There were rumours of another AgriStability meeting among Canada’s agriculture ministers — something the Saskatchewan government has suggested.
“We are certainly more than willing to have another discussion, another meeting,” Bibeau’s press secretary, Jean-Sébastien Comeau, said Jan. 27. “We will lend an open ear to what provinces have to say.”
But it’s unclear what compromises could entice the Prairie provinces given they don’t want to spend more — a position KAP president Bill Campbell says is short sighted.
Ottawa won’t budge on the current long-standing cost-sharing formula of 60-40, federal-provincial, a federal official said.
Ottawa believes it has a good proposal given that Quebec and British Columbia currently offer it and cover the cost to boot.
Ottawa’s plan is also less expensive than what farmers want — payouts triggered when farm margins fall below 85 per cent instead of 70.
KAP and other farm groups have said Bibeau’s changes are a “good first step,” to making the program more useful.
Bibeau thanked KAP for supporting her proposal.
“This is something we know farmers across the country have been asking for,” she said, adding Manitoba pork producers had a tough 2020.
“Fixing AgriStability is a priority for our government,” Bibeau said. “It needs to be simpler, fairer, more predictable and more generous.”
That’s the short-term goal, she said, but agriculture ministers are also starting to talk about longer-term issues in the lead-up to the next federal-provincial program agreement.
“However, consultations on longer-term fixes to AgriStability should not come at the expense of the short-term fixes farmers are asking for today,” Bibeau said, an allusion to Pedersen’s letter that suggests the focus should be on replacing AgriStability.
Bibeau told reporters later that if her proposals are implemented money won’t be taken from other farm programs to make up the difference.

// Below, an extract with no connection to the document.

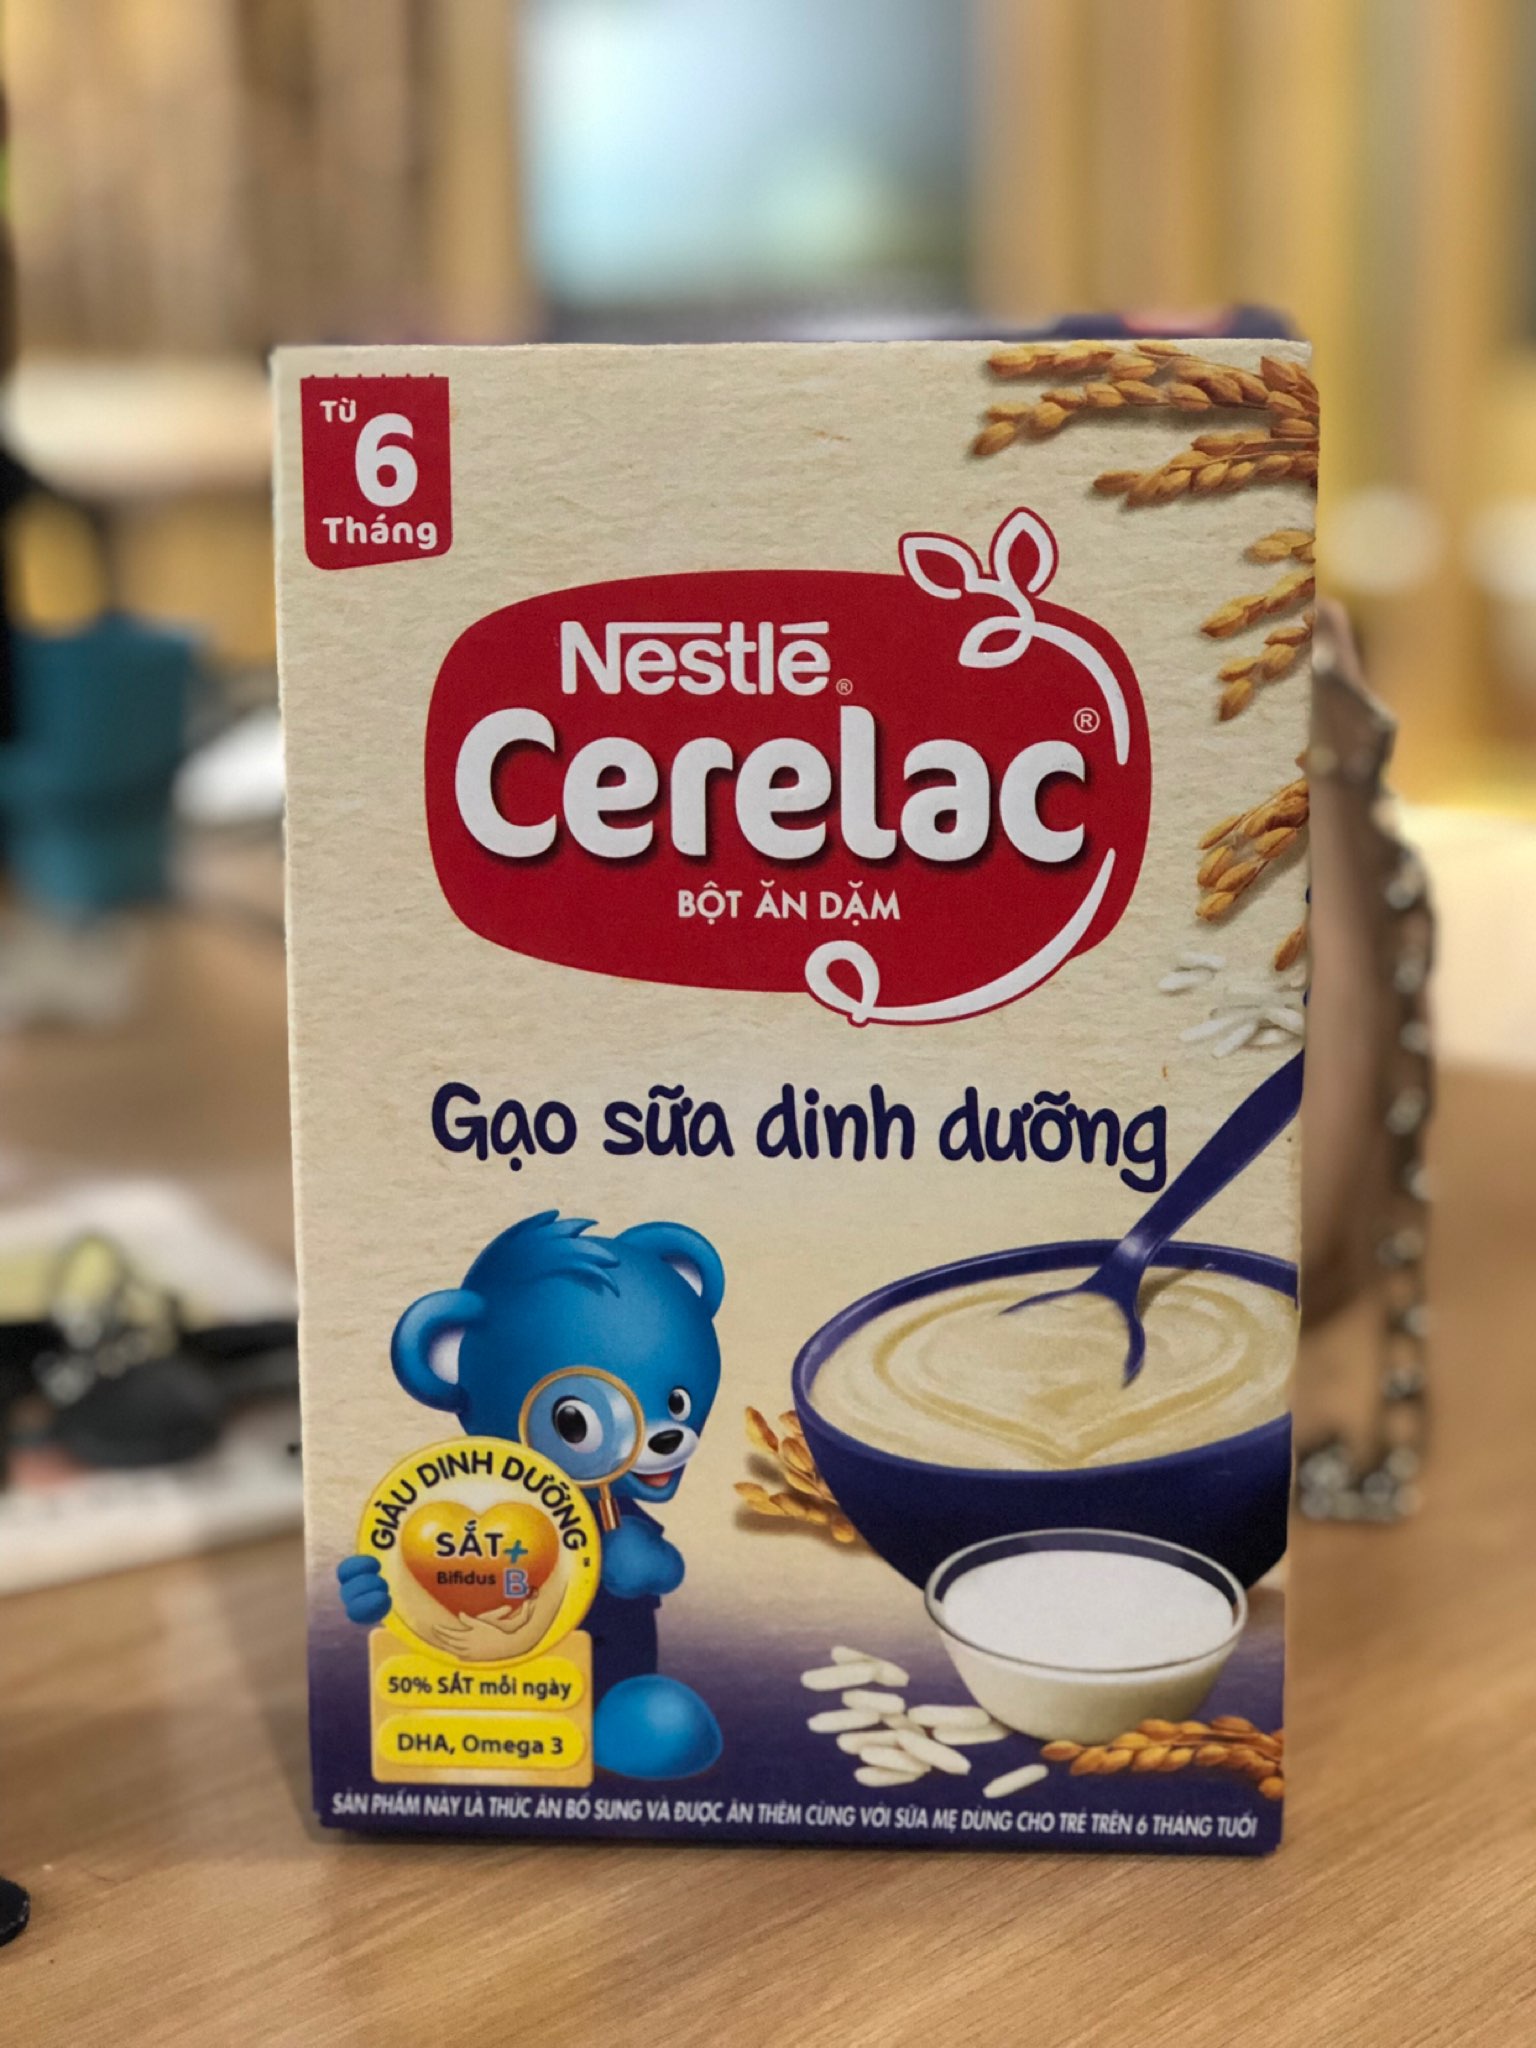 Bột Ăn Dặm Nestle Cerelac  Vị Gạo Sữa Dinh Dưỡng – Bổ Sung DHA, Omega-3

“Absolutely not,” she said. “I am actually surprised to hear something like that because Minister Pedersen consulted stakeholders on the idea of cutting AgriInvest to put it on AgriRecovery set-aside program. I have never made any suggestion of cutting other programs. I am really committed to improving AgriStability in the short term and have a closer look at all the programs for the next generation of the Canadian (Agricultural) Partnership in 2023.”

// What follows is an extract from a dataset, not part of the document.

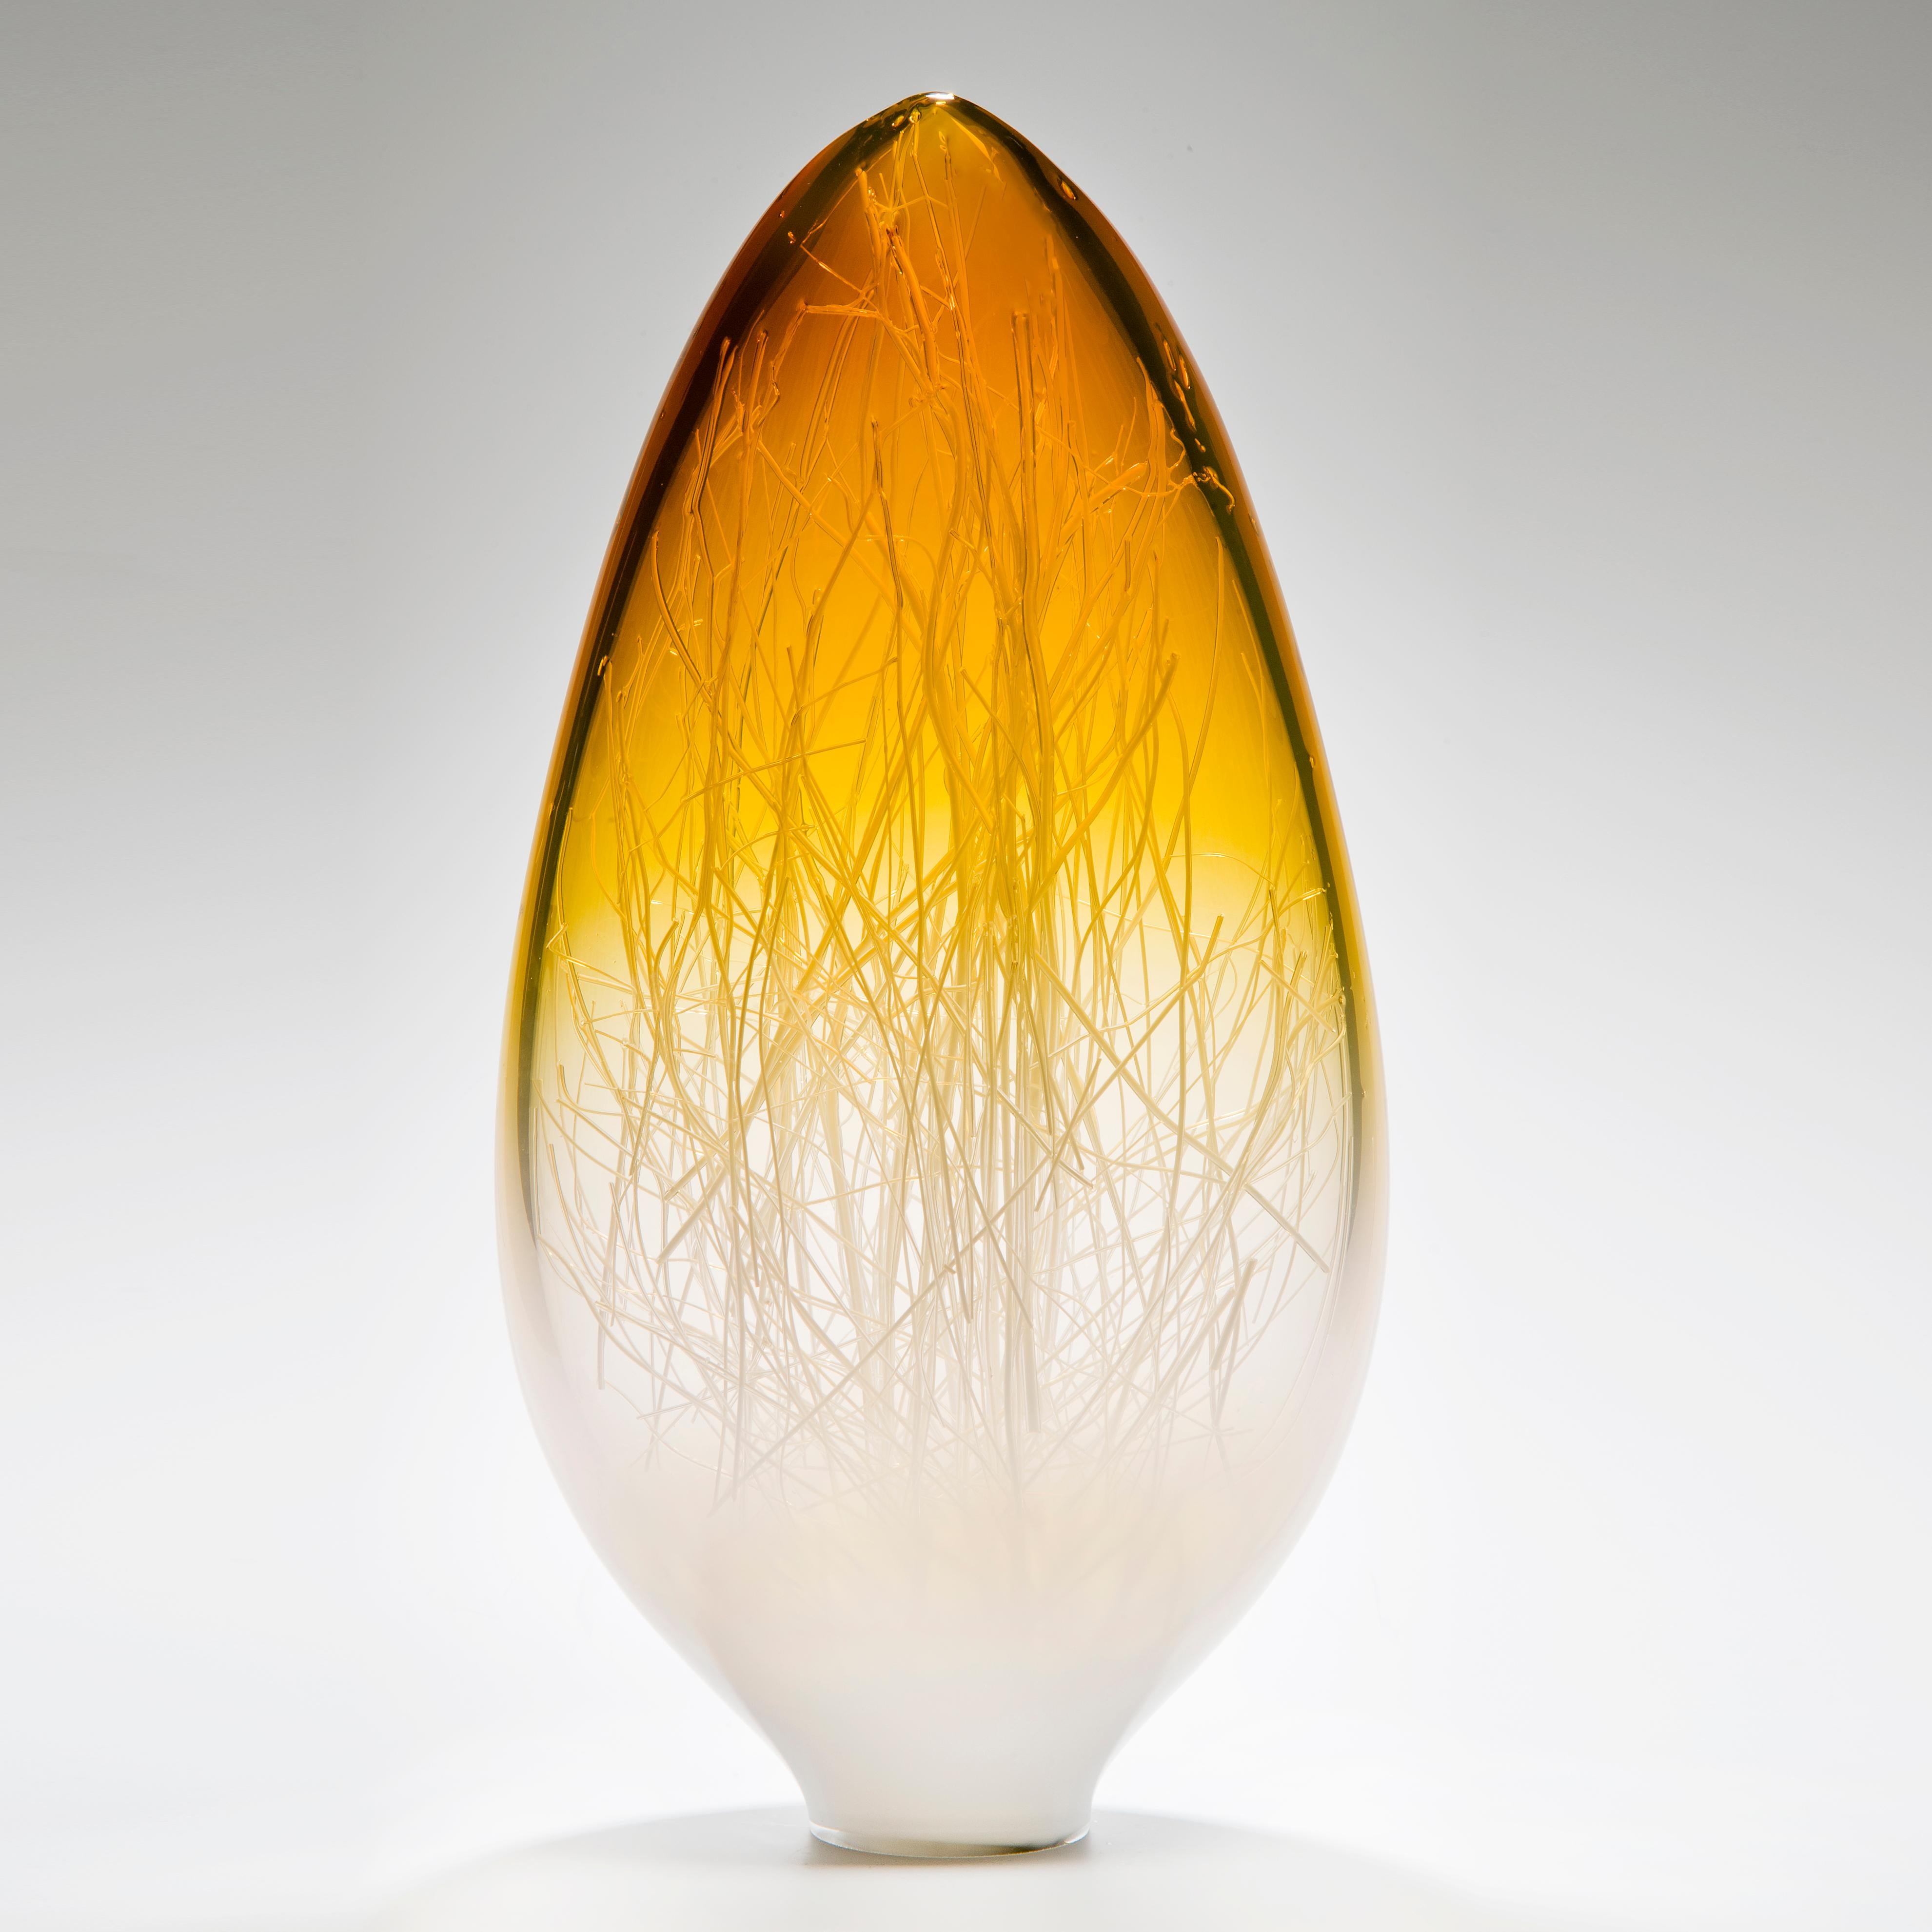 Panicum in Amber and White ist eine einzigartige Glasskulptur aus weißem, klarem und leuchtend bernsteinfarbenem Glas, die von den Künstlern Hanne Enemark (Dänin) und Louis Thompson (Brite) in Collaboration geschaffen wurde. Die äußere Glasform

Pedersen told reporters Dec. 1, 2020 he believed if the federal government spends more on AgriStability it will claw back the money through cuts to AgriInvest and AgriInsurance.
“What we are proposing is the complete opposite of robbing Peter to pay Paul,” Bibeau said in an email Dec. 3 in response to Pedersen’s speculation. “The proposal we put on the table seeks to enhance, not cut, business risk management programs.
“It is unfortunate that Minister Pedersen is directing his efforts away from trying to step up to improve BRM programs.”